DZone: How has JDBC evolvoed over the last several years? How has it evolved to address the needs of the modern enterprise?
Jesse: We've come a long way. JDBC started out with the initial version years ago being very - how would I say that? Being very "feature-lacking" for my bad English. But what we've done as the JDBC expert group is we've tried to listen to the community. As in any type of Java community process, the JDBC JSR has really tried to listen to customers’ needs and put those into the drivers, into the standard, in a way that makes everybody happy.
To give you some examples, we started with ODBC and there were some holes in the ODBC API that we sought to plug with the JDBC. More enhanced metadata, more auto-generated key support - the whole idea that you would have an object-based data access API on top of something relational was a big deal back in those days. But over time, some of the things that we've had to add are more enterprise features. Security, single sign-on, Kerberos, NTLM authentication - all of these things that we needed as we moved through the early 2000s, so that we could integrate our drivers with more complex application servers and enterprise features.

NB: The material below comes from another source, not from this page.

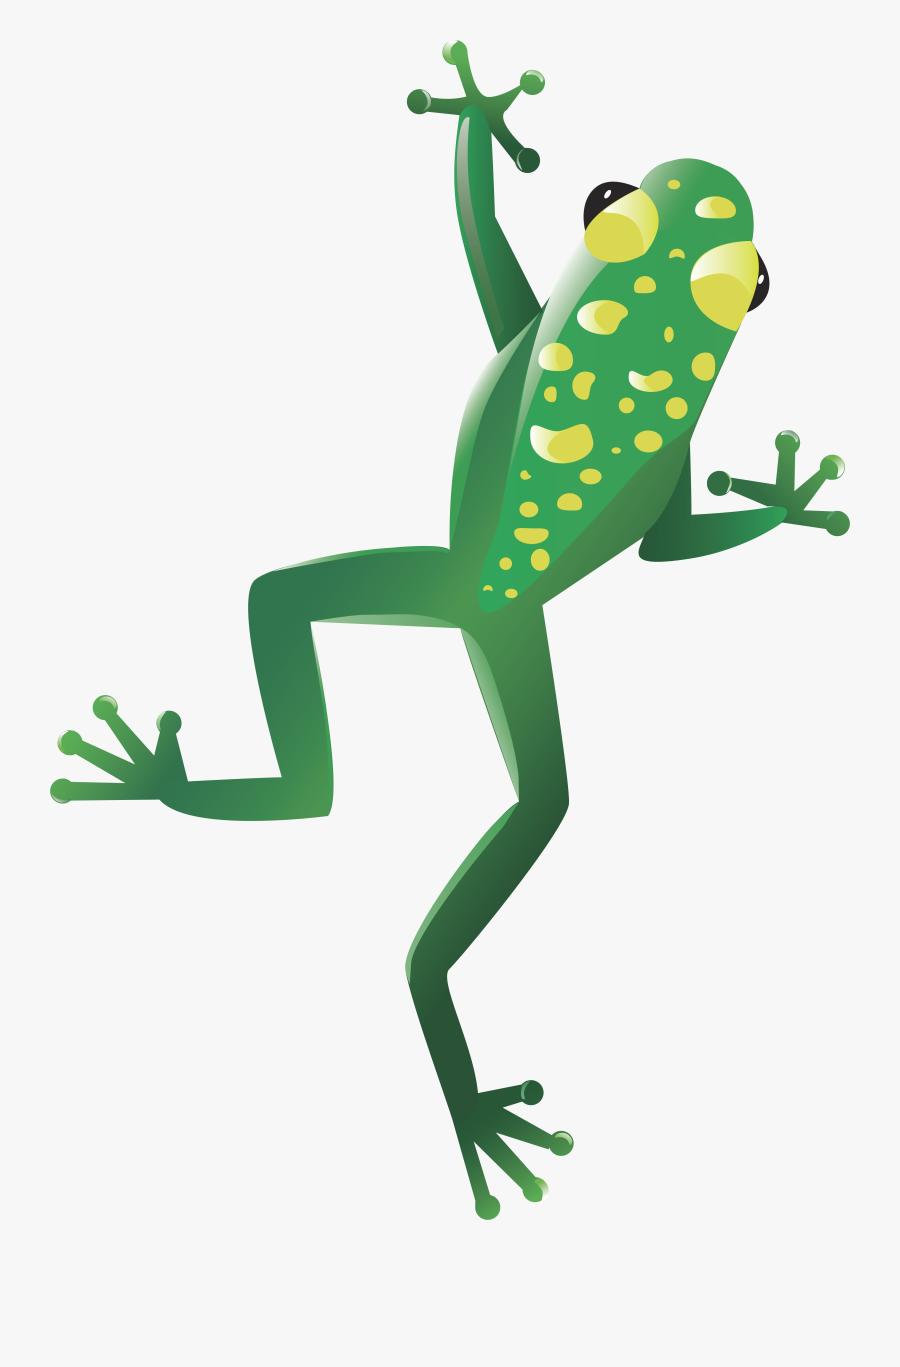 Transparent Green Frog Png - Transparent Background Cute Tree Frog Clipart, Transparent Clipart

Another feature that's been really big in JDBC, for us at least, is working with other technologies. In the Java space, as you mentioned before, ORM; but aside from ORM, JDBC is embedded in app servers, we use them in application servers. You use also JDBC in other types of dependency injection models. I'm thinking OSGI.
So things continue to evolve and we've tried to make sure that we meet the needs in the API itself of our enterprise features and what our customers truly want.
DZone: So earlier this year at JavaOne you had met with the JDBC and the JPA expert groups. Can you tell us a little bit about some of the discussions that came out of that?
Jesse: Sure. JDBC 4.1, we're working on getting that pushed through into Java 7, which is coming out next year. There are a lot of features going into it but it is a maintenance release.
We just had 4.0 released late last year and a lot of the things that we put into 4.0 were just big ticket features. We had tons of metadata enhancements. We enhanced the blob in the clob API, lots of usability stuff. We didn't get in annotations. We really wanted to, and so you're going to see some of those we're going to push back through the expert group and into the JDBC 4.1 specification.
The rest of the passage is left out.